Accessing and querying data. Although the initial design of a collection of data sources might be adequate, corrective maintenance actions tend to re-shape them into a form that often diverges from the original structure. Also, they are often subject to changes so as to adapt to specific, application-dependent needs. Analogously, applications are continuously modified for accommodating new requirements, and guaranteeing their seamless usage within the organization is costly. The result is that the data stored in different sources and the processes operating over them tend to be redundant, mutually inconsistent, and obscure for large classes of users. So, query formulation often requires interacting with IT experts who know where the data are and what they mean in the various contexts, and can therefore translate the information need expressed by the user into appropriate queries. It is not rare to see organizations where this process requires domain experts to send a request to the data management staff and wait for several days (or even weeks, at least in some Public Administrations in Italy…) before they receive a (possibly inappropriate) query in response. In summary, it is often exceedingly difficult for end users to single out exactly the data that are relevant for them, even though they are perfectly able to describe their requirement in terms of business concepts.

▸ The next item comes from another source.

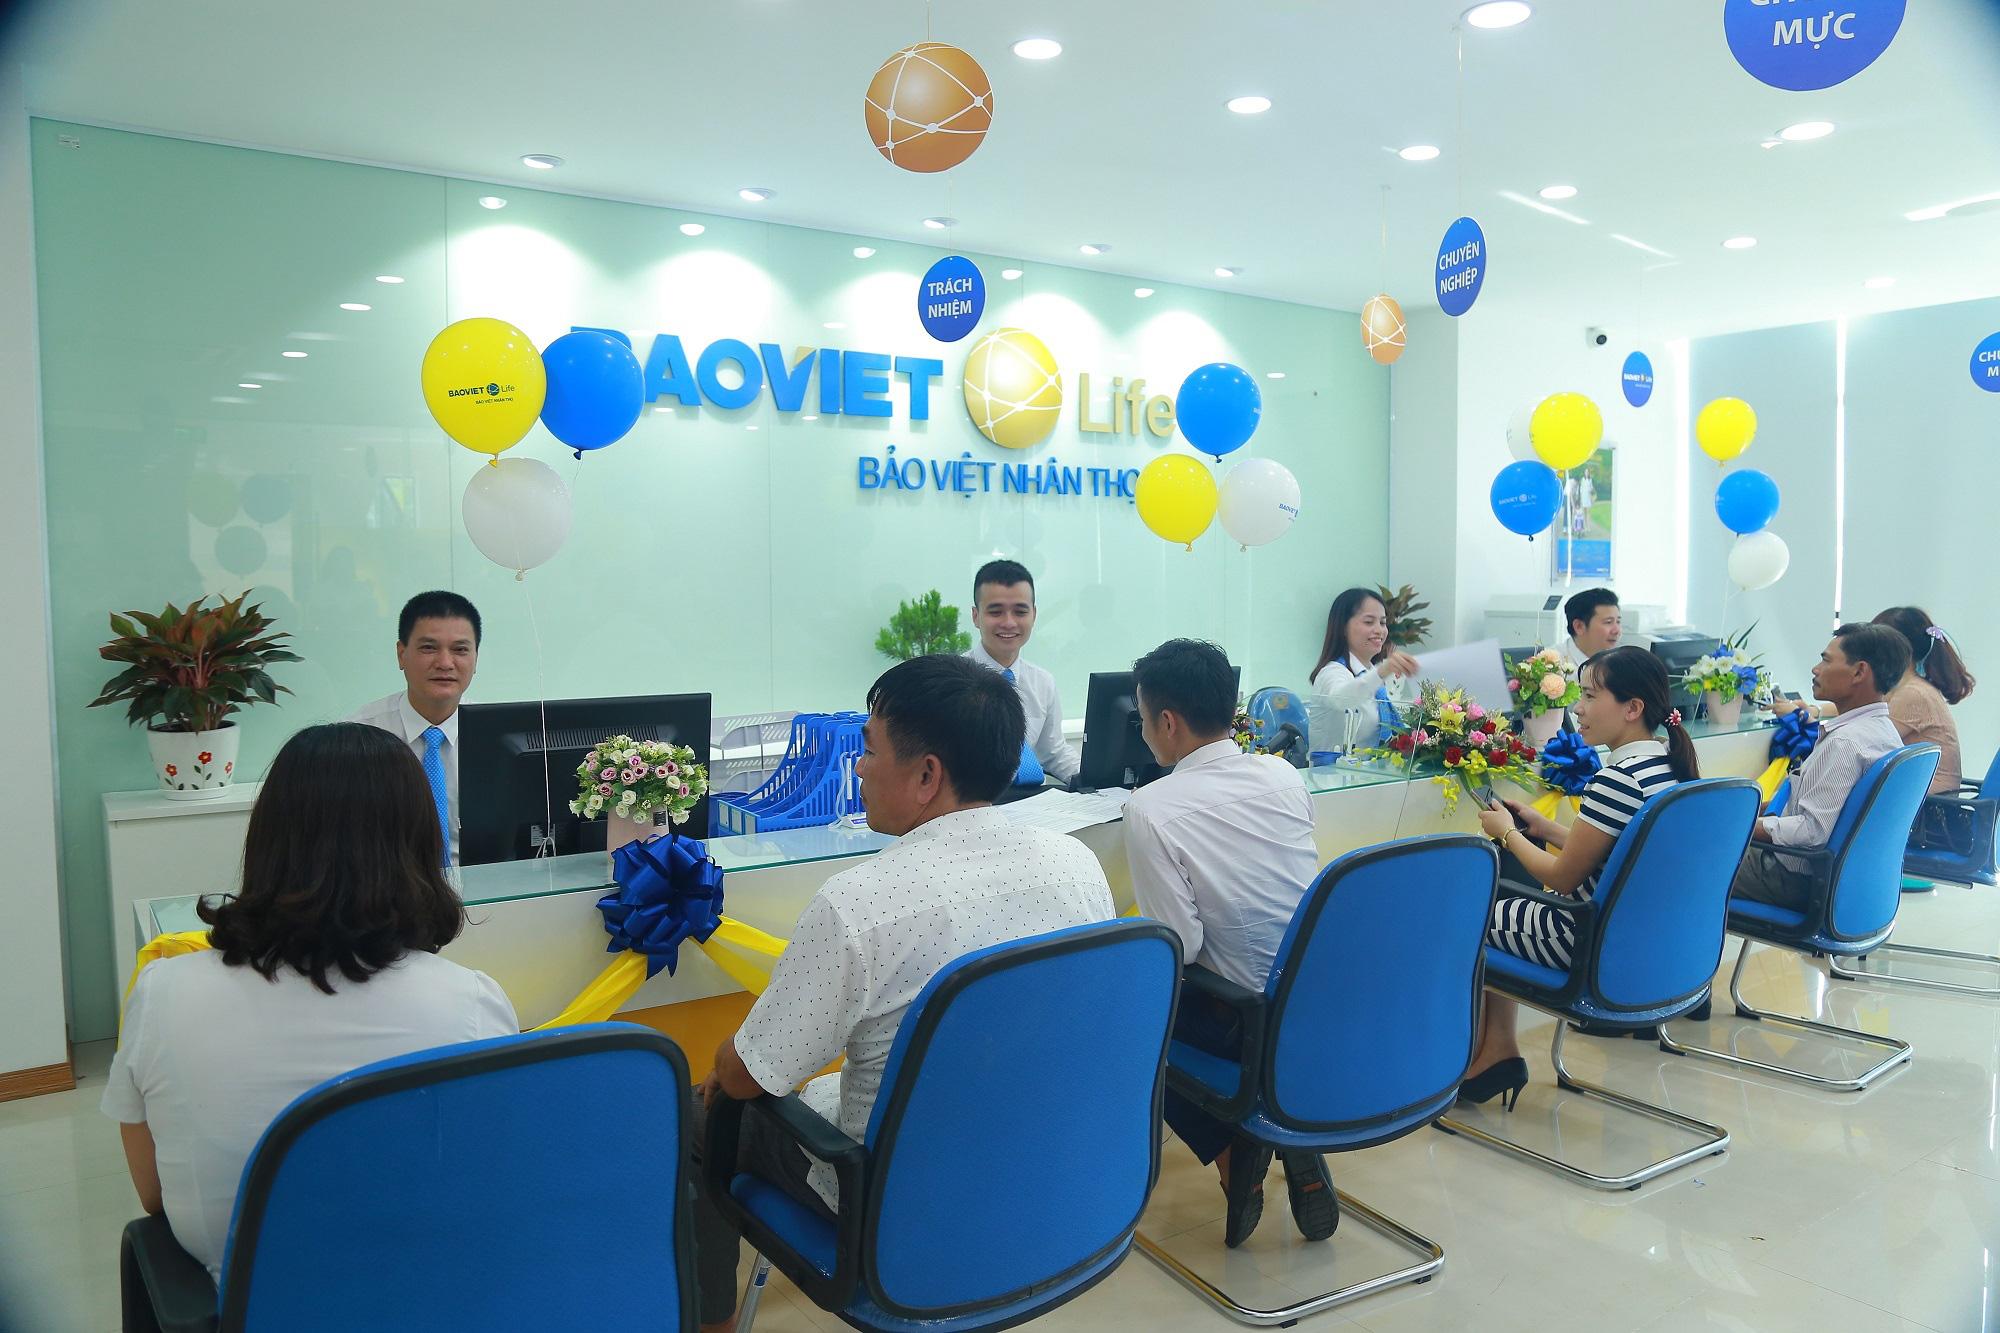 Nâng cao chất lượng chăm sóc Khách hàng luôn là ưu tiên hàng đầu của Bảo Việt Nhân thọ. (Ảnh: BVNT).

Data quality. It is often claimed that data quality is one of the most important factors in delivering high value information services. However, the above-mentioned scenario poses several obstacles to the goal of even checking data quality, let alone achieving a good level of quality in information delivery. How can we possibly specify data quality requirements, if we do not have a clear understanding of the semantics that data should bring? The problem is sharpened by the need of connecting to external data, originating, for example, from business partners, suppliers, clients, or even public sources. Again, judging about the quality of external data, and deciding whether to reconcile possible inconsistencies or simply adding such data as different views, cannot be done without a deep understanding of their meaning. Note that data quality is also crucial for opening data to external organizations. The demand of greater openness is irresistible nowadays. Private companies are pushed to open their resources to third parties, so as to favor collaborations and new business opportunities. In public administrations, opening up data is underpinning public service reforms in several countries, by offering people informed choices that simply have not existed before, thus driving towards improvements in the services to the citizens.

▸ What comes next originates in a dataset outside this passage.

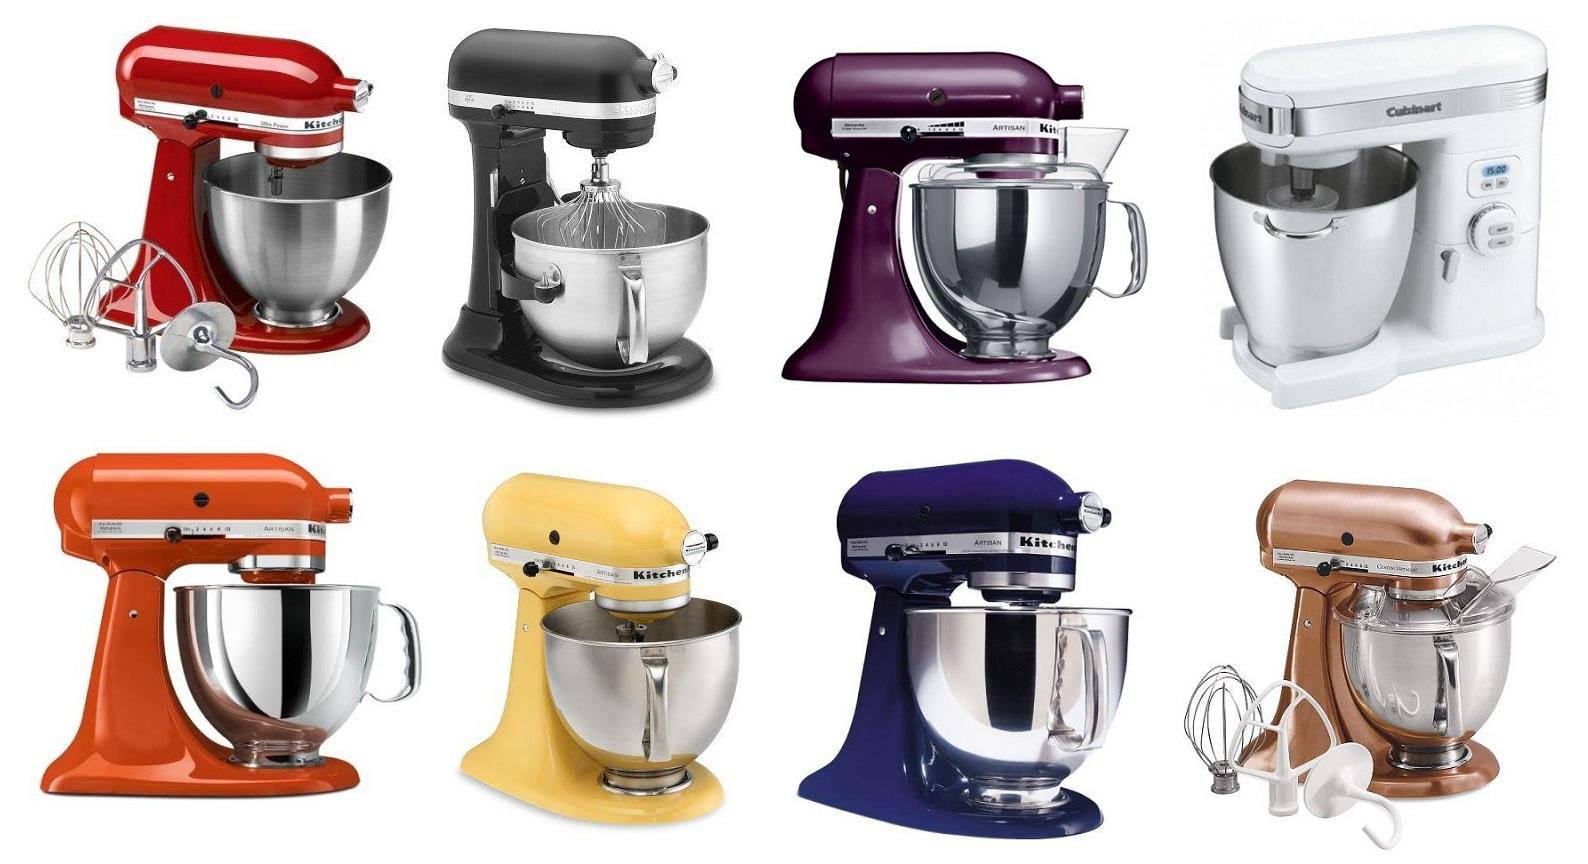 Kitchen aid mixer photo - 2

Process and service specification. Information systems are crucial artifacts for running organizations, and organizations rely not only on data, but also, for instance, on processes and services. Designing, documenting, managing, and executing processes is an important aspect of information systems. However, specifying what a process/service does, or which characteristics it is supposed to have, cannot be done correctly and comprehensively without a clear specification of which data the process will access, and how it will possibly change such data. The difficulties of doing that in a satisfactory way come from various factors, including the lack of modeling languages and tools for describing process and data holistically. However, the problems related to the semantics of data that we discussed above undoubtedly make the task even harder.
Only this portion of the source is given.